Егор ушел от отца с нетерпеливым желанием немедленно увидеть учительницу.

Марья подрубала топором ледок на крыльце.

– Давеча чуть не брякнулась, – сказала она. – Наросло черт те сколько.

– Пойдем в избу, – буркнул Егор.

Марья положила топор, вошла в избу с недобрым предчувствием.

– Я хворый турусил или нет?

– Турусил чего-то…

– Ну и что?

– Чего ты?

– Что говорил-то? – почти крикнул Егор.

– Господи, чего ты орешь-то? Неразборчиво было… Да я и не слушала.

– А эта… твоя слушала? Учительша-то?

– А я откуда знаю! Она тут много раз одна оставалась. Может, слушала.

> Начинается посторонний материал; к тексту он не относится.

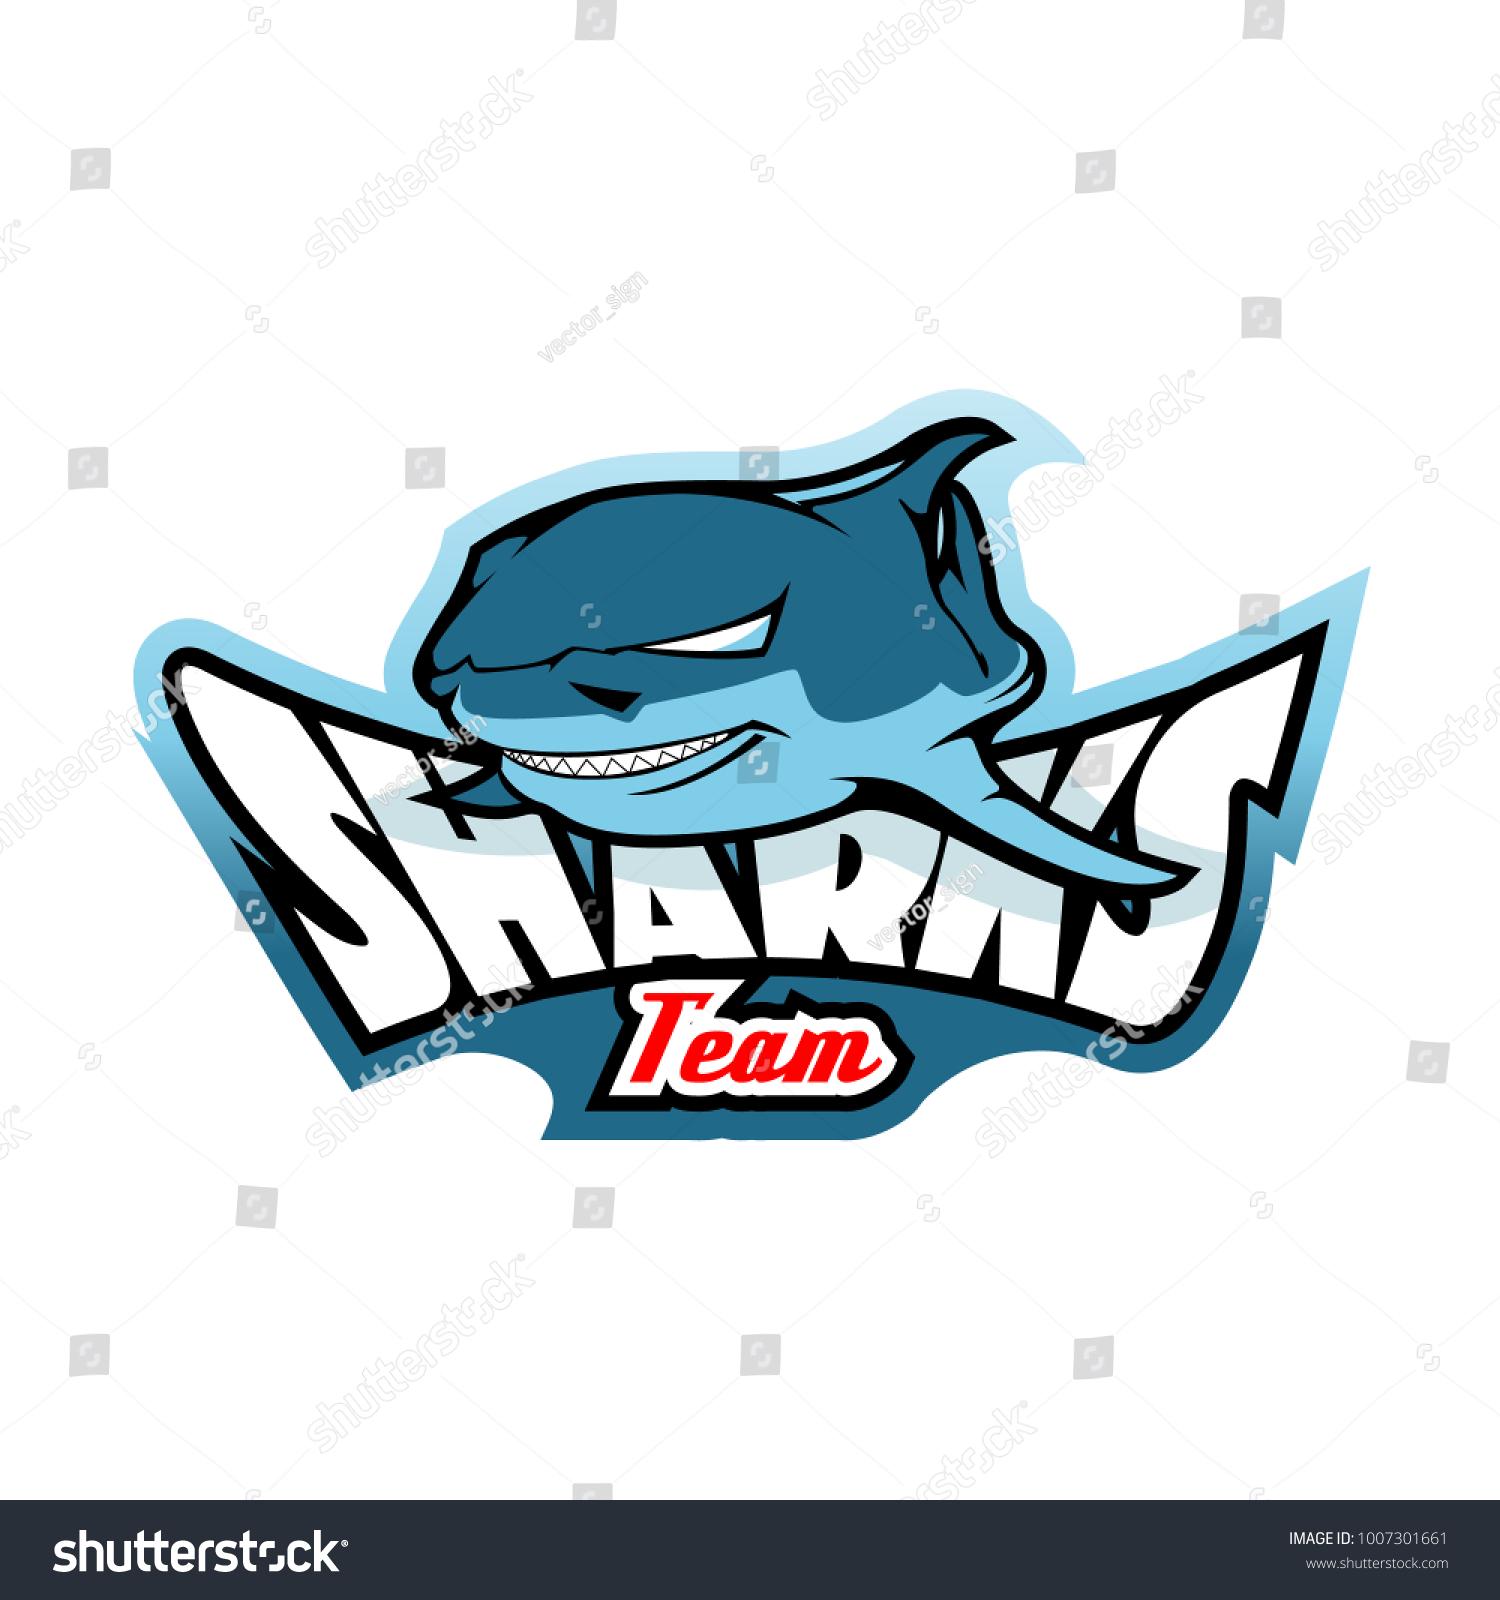 shark logo template のベクター画像素材 ロイヤリティフリー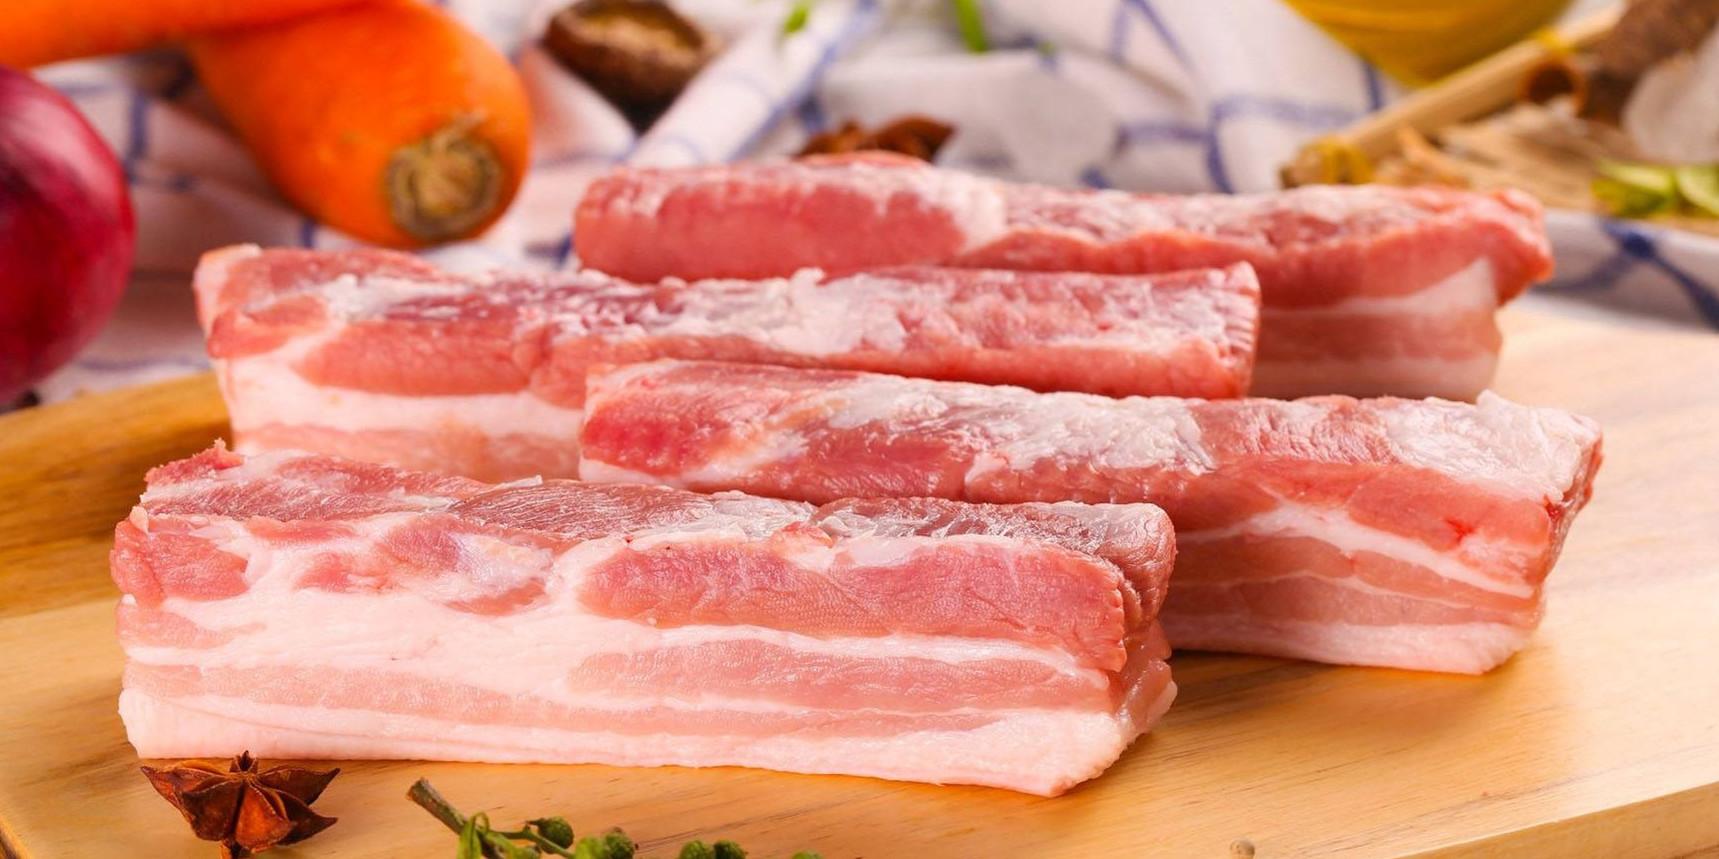 德州猪肉价格持续上涨 猪小排达19.8元/斤

Егор с ненавистью глянул на жену.

– Не можешь, чтоб кого-нибудь не тащить в дом.

– Господи!… Да она ко всем ходит читать. А когда ты захворал, она сказала, что умеет выхаживать. Училась, говорит, этому делу. Спасибо надо…

– Вот что, – оборвал Егор. – Призови ее счас, а сама куда-нибудь выйди…

– Зачем это?

– Надо! Не разговаривай много!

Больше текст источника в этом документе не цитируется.